Upon completion of loading the second cone through the output bus, the Pitch of the logic unit 4 into the control unit 8 of the drive of the traction unit 7 has a command to move the Forward direction. The composition is drawn in the U1 | azan direction. The traveling pulses produced by the sensor 6 linear displacements of the Tg 7 aggregate are input to the Motion of the logic unit 4.

After pulling the loading wagon one step onto the output bus, the Stop of logic unit 4 connected with the same input of the control unit 8 by the drive of the traction unit 7 J receives a signal and the train stops, thus loading the third cone.

The appearance of the third weight impulse again leads to the formation of the command of the traction assembly 7 to move Forward, and after pulling the loaded car into the next step, the train again stops and the loading of the last fourth cone begins.

After pulling the train in two steps, the loaded head car is completely (it is installed on the weighing platform.
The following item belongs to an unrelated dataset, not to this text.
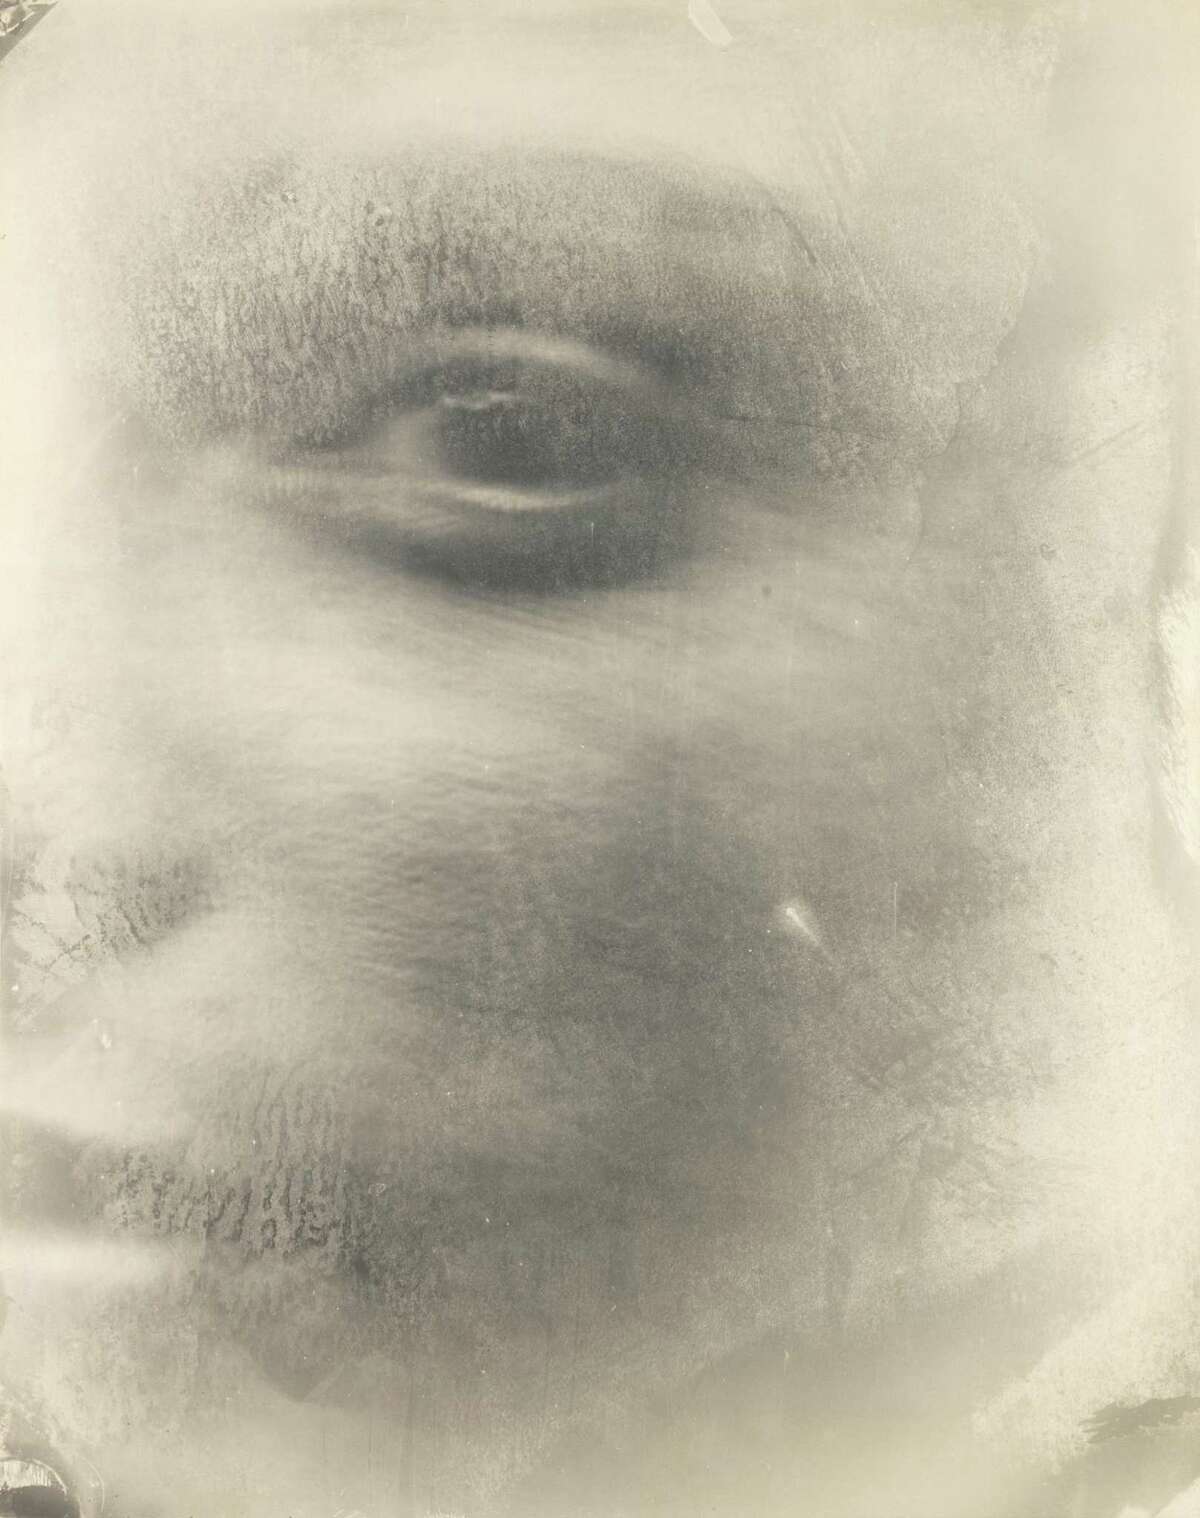 "Virginia #6" is among photographs on view in "Sally Mann: A Thousand Crossings," up March 3-May 27 at the Museum of Fine Arts, Houston.
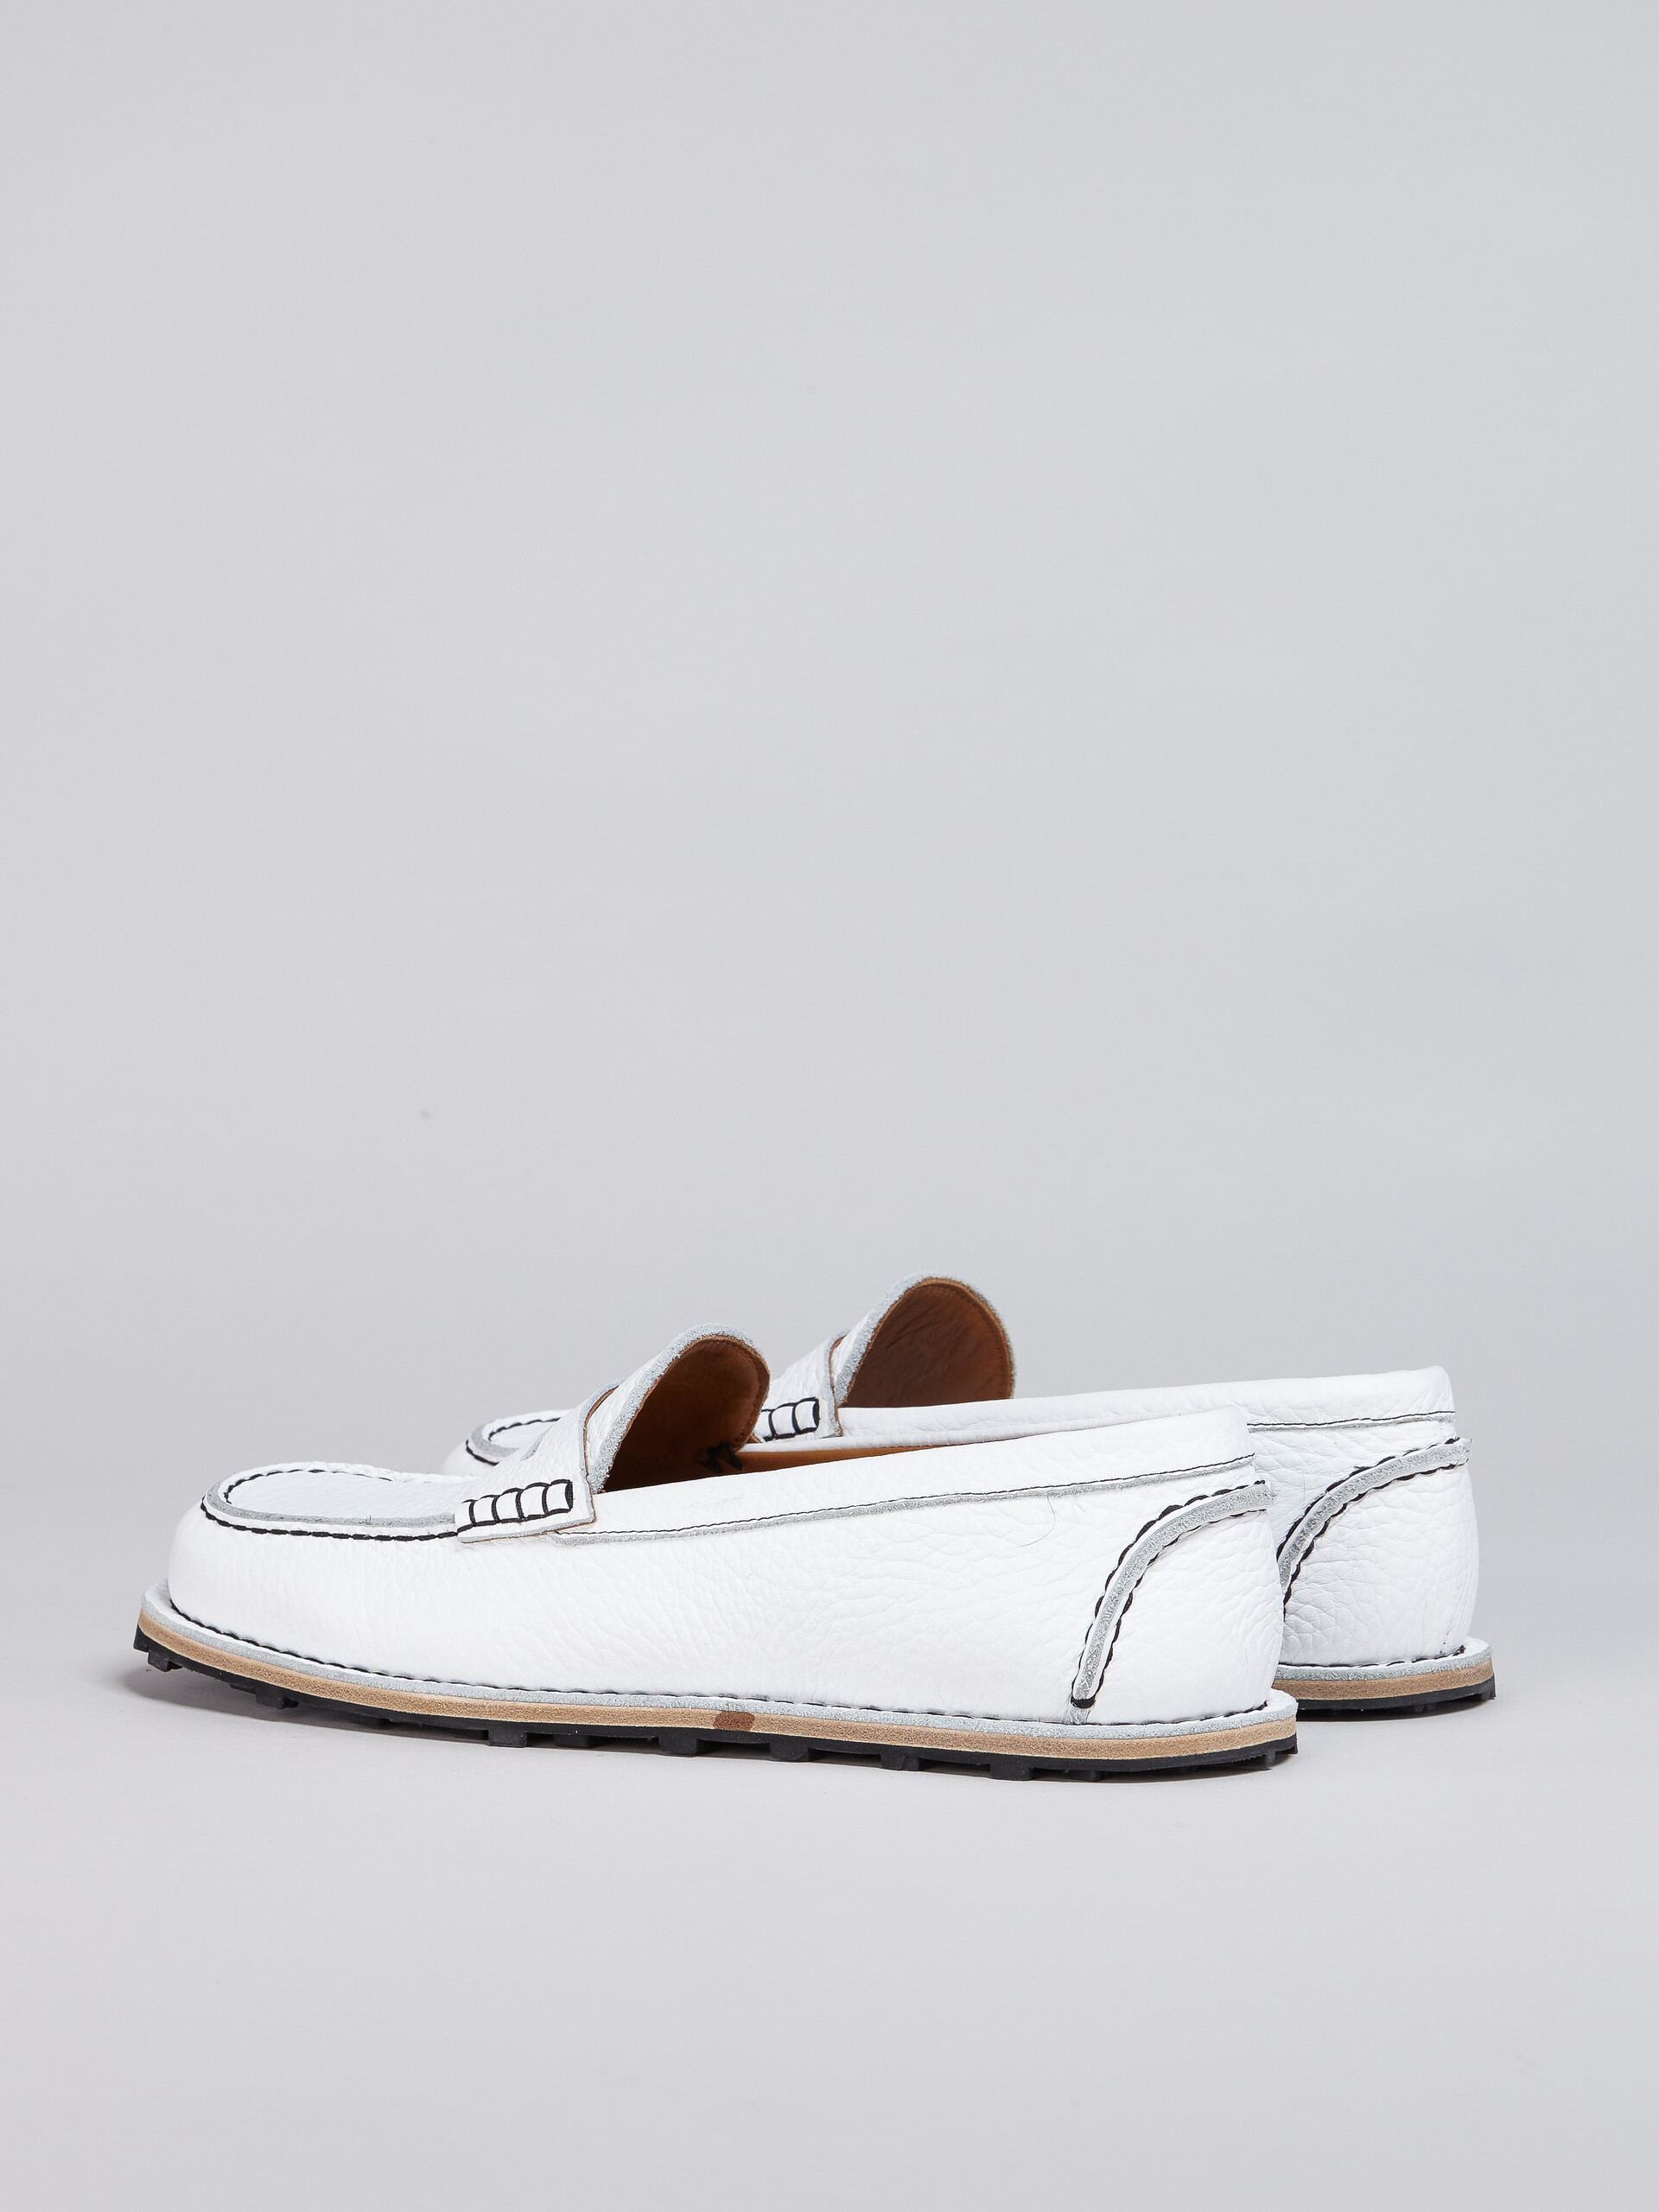 Grained calf leather moccasin - Mocassin - Image 3

Further loading of the car up to a given dose occurs with its continuous weighing and taking into account the amount of concentrate that still goes into the car after the team’s actions at the end of loading, which ensures accurate loading of the car to a given dose.

The operation of the computing unit 3 when loading the fourth cone is as follows.

The inputs of the computing unit 3 with the digital output of the platform scales 17 receives the binary code of the current weight of the loaded car

(), and the inputs uG from the output of the –blocking unit 7, include 14 load simulation simulations — a binary unit and the composition is drawn by a code proportional to the weight of the concentrate (& G)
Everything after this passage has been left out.